Programming Exercise 4: Neural Networks Learning


This exercise is to implement the backpropagation algorithm for neural netwroks.
The application is hand-written digit recognition.

  • ex4data1.mat: training set of ahnd-written digits
  • ex4weights.mat: neural network parameters for exercise 4
  • computeNuericalGradient.m: numerically compute gradients.

구현해야 할 함수들

  • sigmoidGradient.m: compute the gradient of the sigmoid function.
  • randInitializeWeights.m: randomly initialize weights.
  • nnCostFunction.m: Neural network cost function.

Neural Networks

이전 과제에서는 matlab으로 feedforard propagation을 구현 했었다.
이번엔 python을 이용해서 최적의 parameter들을 찾는 backpropagation을 구현해 보도록 한다.

1.1 Visualizing the data

데이터를 읽어서 2-dimensional plot으로 표시하는 작업을 수행 한다.
5000개의 training example들로 구성 되어 있다.
각각의 손글씨 이미지들은 20 pixel by 20 pixel grayscale image로 구성되어 있다.
각각의 pixel들은 floating point number로 구성 되어 있다.
이것을 unrolled하게 된다면 400-dimensional vector로 구성 된다.
각각은 단일 row vector가 된다. 트레이닝이 5000이므로 최종적인 input X는 5000 by 400이 된다.

y는 1~9 숫자값을 가지고 있다. matlab에서는 0을 반드시 가지고 있으므로 10으로 그것을 labeled 한다.

Python 구현
필요 라이브러리 Load

%matplotlib inline
import numpy as np
import matplotlib.pyplot as plt
import pandas as pd
import scipy.io #Used to load the OCTAVE *.mat files
import scipy.misc #Used to show matrix as an image
import matplotlib.cm as cm #Used to display images in a specific colormap
import random #To pick random images to display
import scipy.optimize #fmin_cg to train neural network
import itertools
from scipy.special import expit #Vectorized sigmoid function
datafile = 'data/ex4data1.mat'

mat = scipy.io.loadmat( datafile )

X, y = mat['X'], mat['y']

#Insert a column of 1's to X as usual
X = np.insert(X,0,1,axis=1)

print "'y' shape: %s.
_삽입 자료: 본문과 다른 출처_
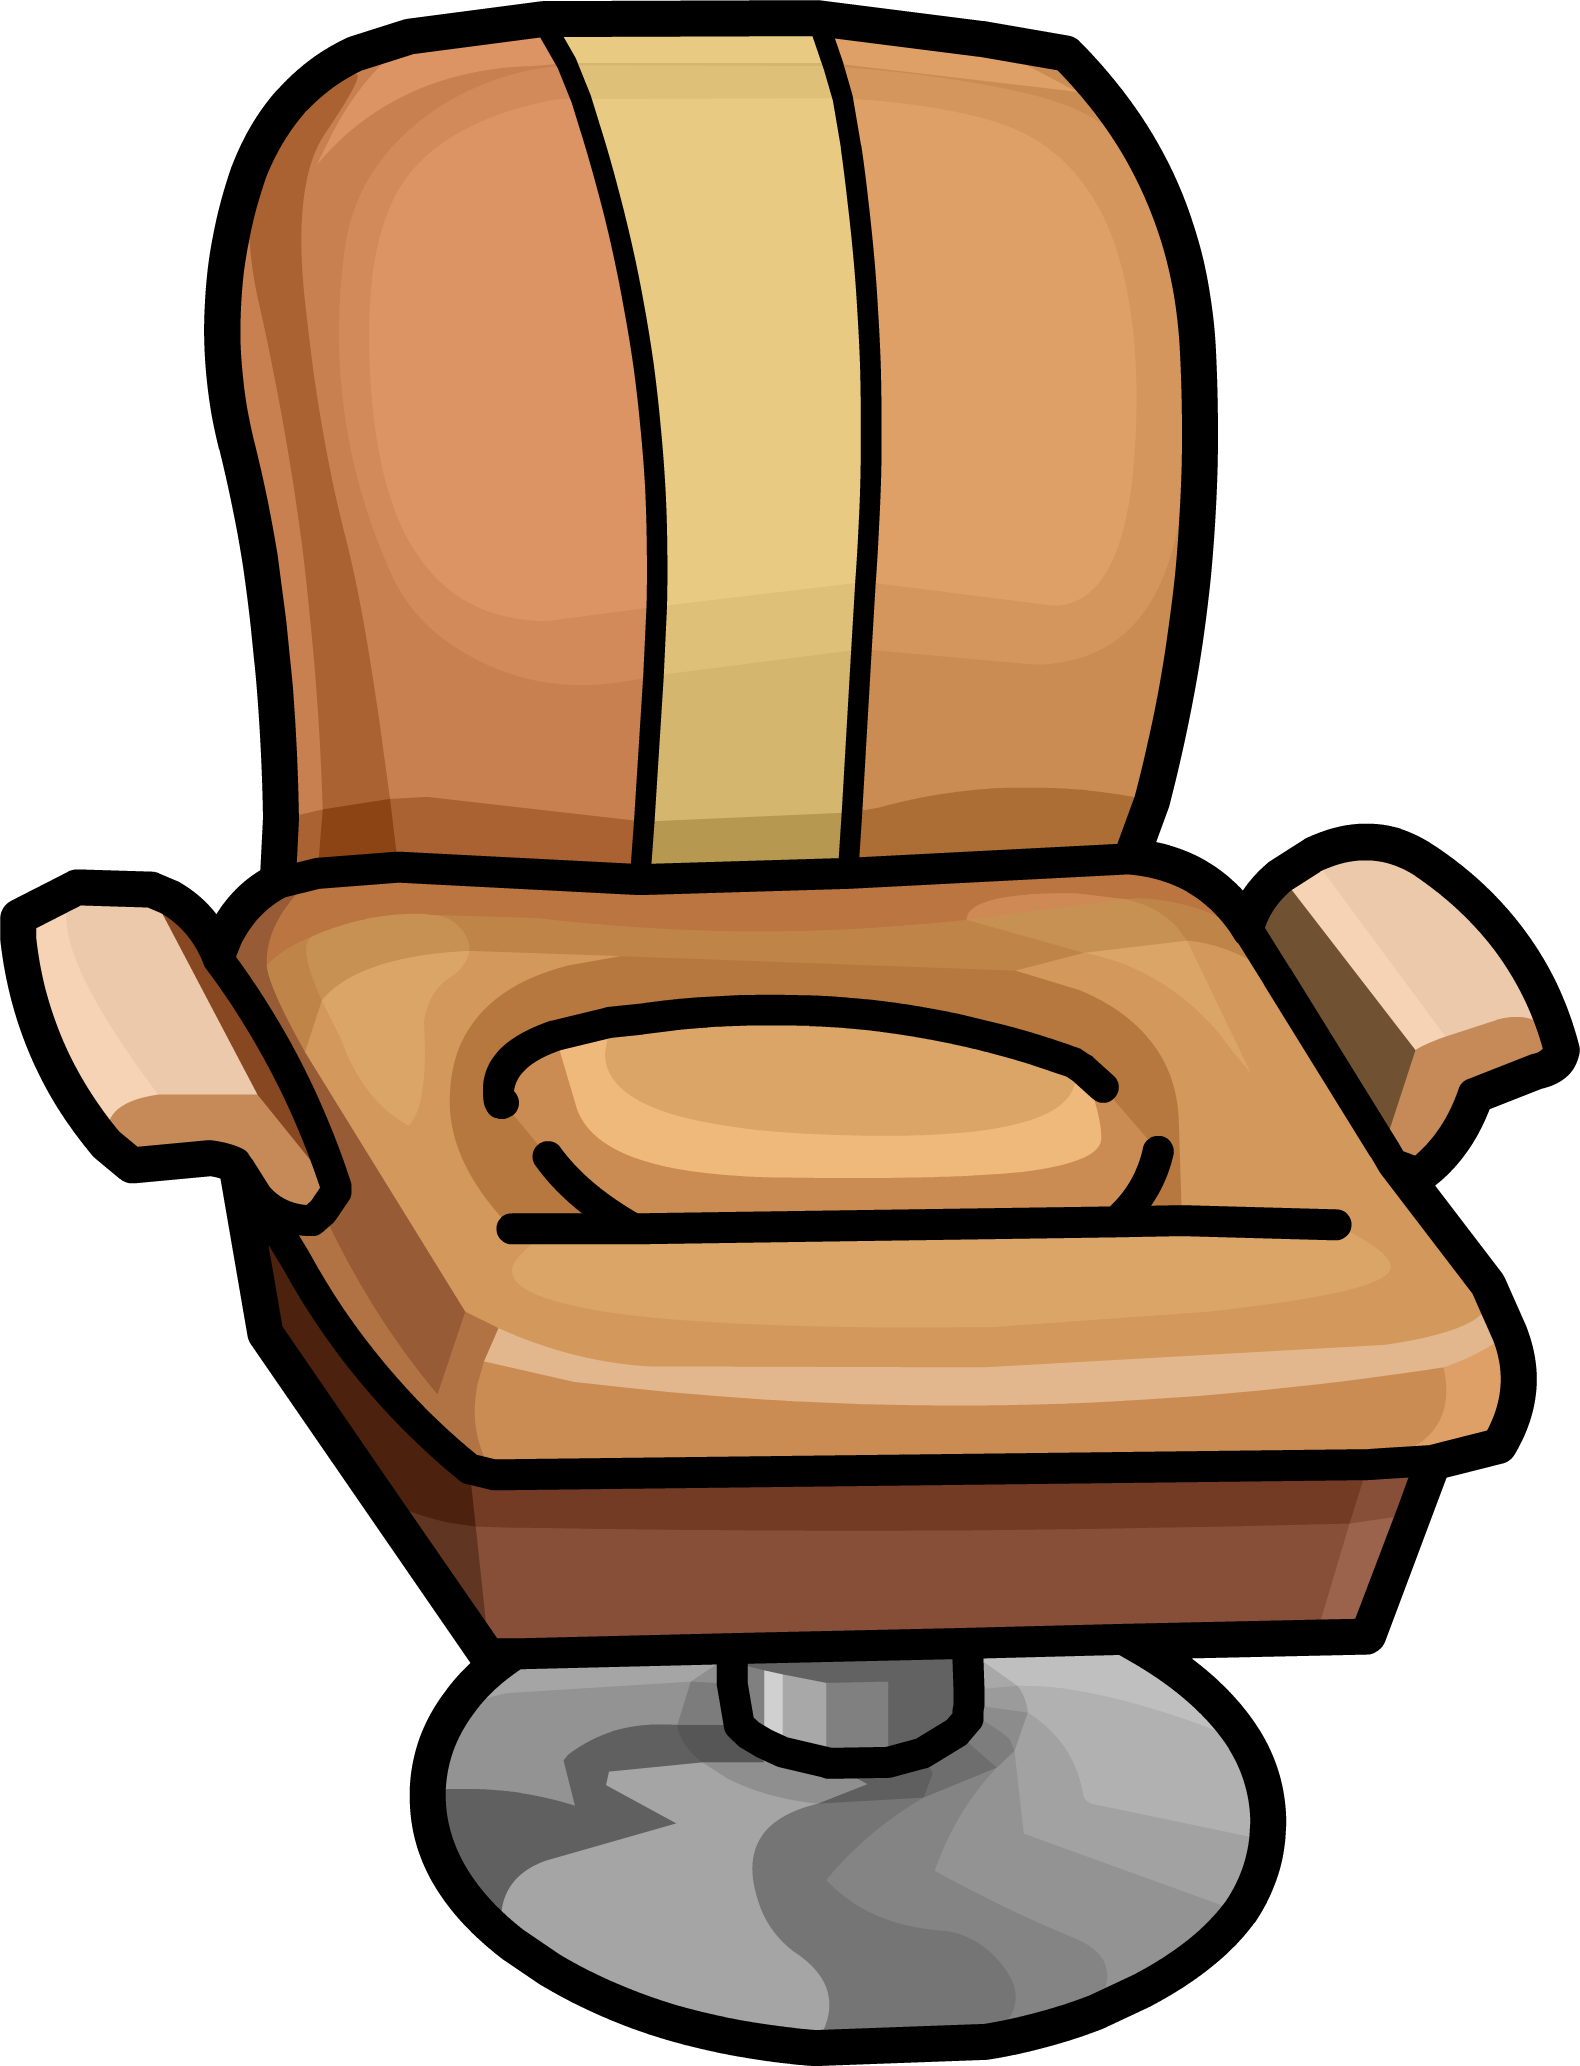 Salon chair rewritten wiki. Maracas clipart club penguin

Unique elements in y: %s"%(y.shape,np.unique(y))
print "'X' shape: %s. X[0] shape: %s"%(X.shape,X[0].shape)
#X is 5000 images. Each image is a row. Each image has 400 pixels unrolled (20x20)
#y is a classification for each image. 1-10, where "10" is the handwritten "0"

출력 결과

'y' shape: (5000, 1). Unique elements in y: [ 1  2  3  4  5  6  7  8  9 10]
'X' shape: (5000, 401). X[0] shape: (401,)

이미지 출력함수

def getDatumImg(row):
    """
    Function that is handed a single np array with shape 1x400,
    crates an image object from it, and returns it
    """
    width, height = 20, 20
    square = row[1:].reshape(width,height)
    return square.T
    
def displayData(indices_to_display = None):
    """
    Function that picks 100 random rows from X, creates a 20x20 image from each,
    then stitches them together into a 10x10 grid of images, and shows it.
    """
    width, height = 20, 20
    nrows, ncols = 10, 10
    if not indices_to_display:
        indices_to_display = random.sample(range(X.shape[0]), 100)
        
    big_picture = np.zeros((height*nrows,width*ncols))
    
    irow, icol = 0, 0
    for idx in indices_to_display:
        if icol == ncols:
            irow += 1
            icol  = 0
        iimg = getDatumImg(X[idx])
        big_picture[irow*height:irow*height+iimg.shape[0],icol*width:icol*width+iimg.shape[1]] = iimg
        icol += 1
    fig = plt.figure(figsize=(6,6))
    img = scipy.misc.toimage( big_picture )
    plt.imshow(img,cmap = cm.Greys_r)
displayData()

최종적으로 10x10으로 축소해서 100장을 출력 한다.

1.2 Model representation

NN의 구성은

  • 3 layers. an input layer (20x20)+1, a hidden layer, and an output layer.
  • a set of network parameters ($\theta^{(1)}$,$\theta^{(2)}$)이고 이미 완벽히 학습된 parameters는ex4weights.mat에 저장되어 있다.
  • $\theta^{(1)}$은 25 dimension을 $\theta^{(2)}$는 10 dimension을 가진다.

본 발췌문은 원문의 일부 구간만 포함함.